Pigeon’s Crest Genome Mutation Produces Biodiversity

by Dr. Elizabeth Mitchell on February 16, 2013
Featured in News to Know

Genomic secret of the pigeon’s crest shows the power of a single mutation to produce an explosion of biodiversity.

Everybody has heard of Darwin’s finches, but Darwin was just as interested in pigeons. He bred them, and according to UCSF evolutionary biologist Nathan Young, “The domesticated pigeon was just as, if not more, important to the evolution of his thinking about how natural selection worked.”1 New genomic information now confirms something he thought: domestic rock pigeons originated from wild rock doves.

“Darwin used this striking example to communicate how natural selection works,” explains Michael Shapiro, lead author of the study in Science. “Now we can get to the DNA-level changes that are responsible for some of the diversity that intrigued Darwin 150 years ago.”

The pigeon is the fifth bird genome to be sequenced, after the chicken, turkey, zebra finch, and budgie. “Despite 100 million years of evolution since these bird species diverged, their genomes are very similar,” Shapiro says. “This will give us new insights into bird evolution.”

Shapiro studied pigeons because, being selectively bred for centuries, they exhibit an enormous variety of traits. And head crests are “one of many traits that we see in domestic pigeons that have a correlate in lots of natural species of birds,”2 Shapiro explains. This research has “shown a way forward to find the genetic basis of traits—the molecular mechanisms controlling animal diversity in pigeons. Using this approach, we expect to be able to do this for other traits in pigeons, and it can be applied to other birds and many other animals as well.”

Old English Owl Pigeon

Old German Owl Pigeon. Image by Jim Gifford, via Wikimedia Commons.

Shapiro also believes the pigeon will be a promising model for exploring how new traits evolve. He writes, “The head crest phenotype described here, is constructive rather than regressive: Breeds derived from the ancestral rock pigeon possess traits that the ancestor does not have. Although adaptive regressive traits are important, the genetic basis of constructive traits in vertebrates remains comparatively poorly understood.”3

English Trumpeter Rock Pigeon

Shell crest on English trumpeter rock pigeon. Image by Michael Shapiro, via National Science Foundation.4

Shapiro also believes the pigeon will be a promising model for exploring how new traits evolve.

Shapiro’s team compared genomes from 22 crested and 57 uncrested varieties of the 350 known varieties of Columbia livia. All crested birds had a single mutation in the regulatory gene EphB2 (Ephrin receptor B2). None of the uncrested birds carried this mutation, which acts as a recessive trait in breeding experiments. Similarities in nearby genes suggested that “this trait evolved just once and spread throughout the species, and that the crest originates early in development by the localized molecular reversal of feather bud polarity.”5 Future studies of other birds (like woodpeckers) will be needed to determine whether there is a comparable genetic basis for their crests.

Uncrested Rock Dove

Uncrested Rock Dove. Image by Dori, via Wikimedia Commons.

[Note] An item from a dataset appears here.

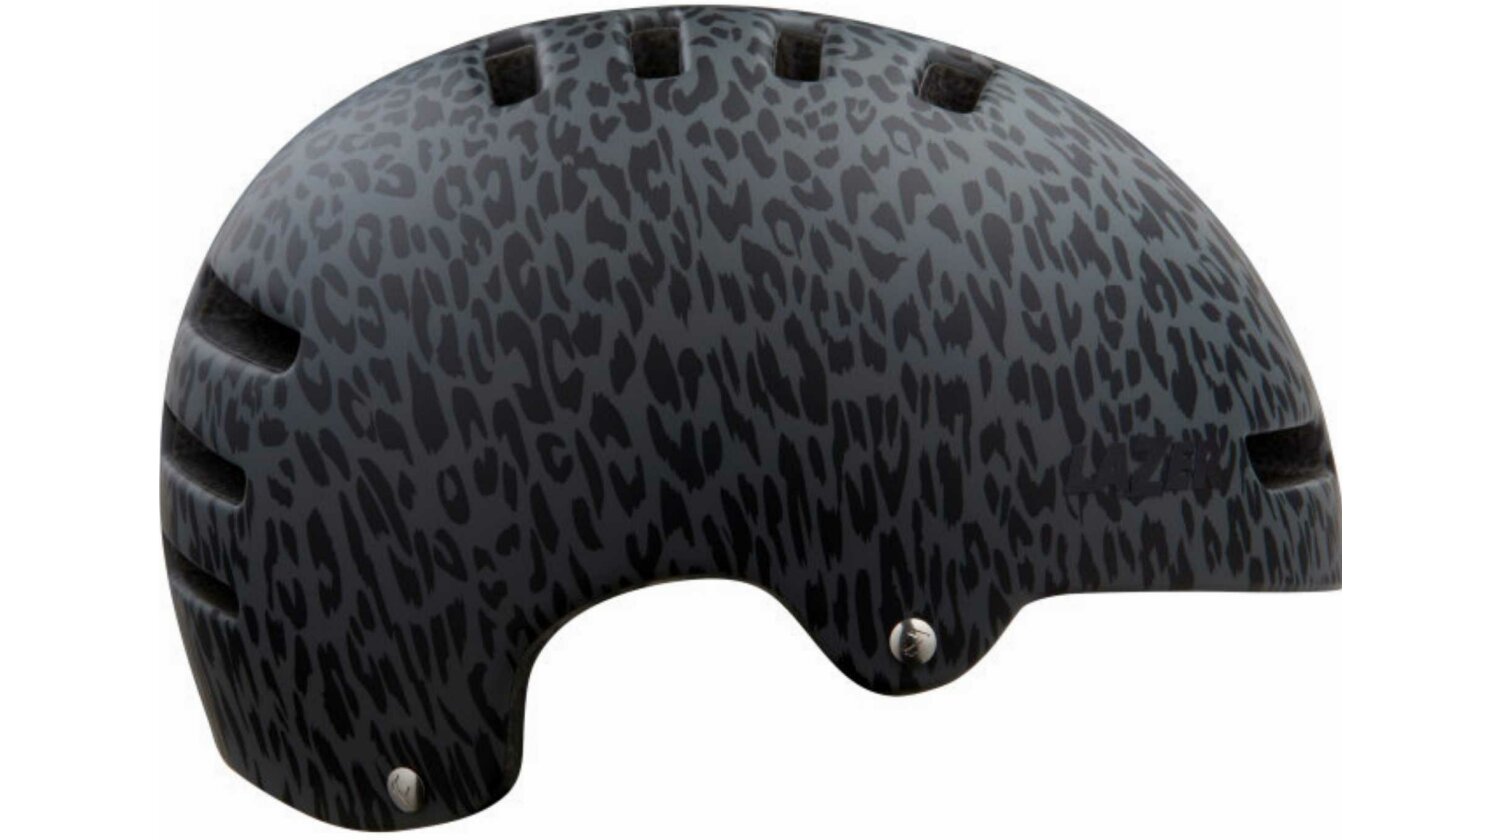 Lazer Armor 2.0 Helm matte leopard

Crests are produced when feathers on the back of the head and neck grow upward. Embryologically, reversed feather polarity is evident from the earliest appearance of the feather placode. (A placode is a thickened plate of embryonic ectoderm from which various structures differentiate.) A homologous regulatory gene in humans has been implicated in Alzheimer’s disease and prostate cancer, pointing to the complexity and importance of genetic regulation in our Creator’s designs.

Dutch Capuchine Rock Pigeon

Dutch Capuchine Rock Pigeon. Image by Michael Shapiro, via National Science Foundation.6

When a new genome is sequenced, scientists initially possess a coded message without a key. By looking for the genetic basis of distinctive variations, they eventually begin to figure out what genes in the genome code for which traits. Because our common Designer used similar genes for similar functions in many creatures, additional clues are available in more familiar genomes. With the discovery of the genetic basis for the pigeon’s crest, a trait exhibiting much diversity, researchers have gained a clue to decipher more of this genome and also the genomes of other birds. But they have not uncovered how new traits evolve or how birds supposedly evolved from non-birds.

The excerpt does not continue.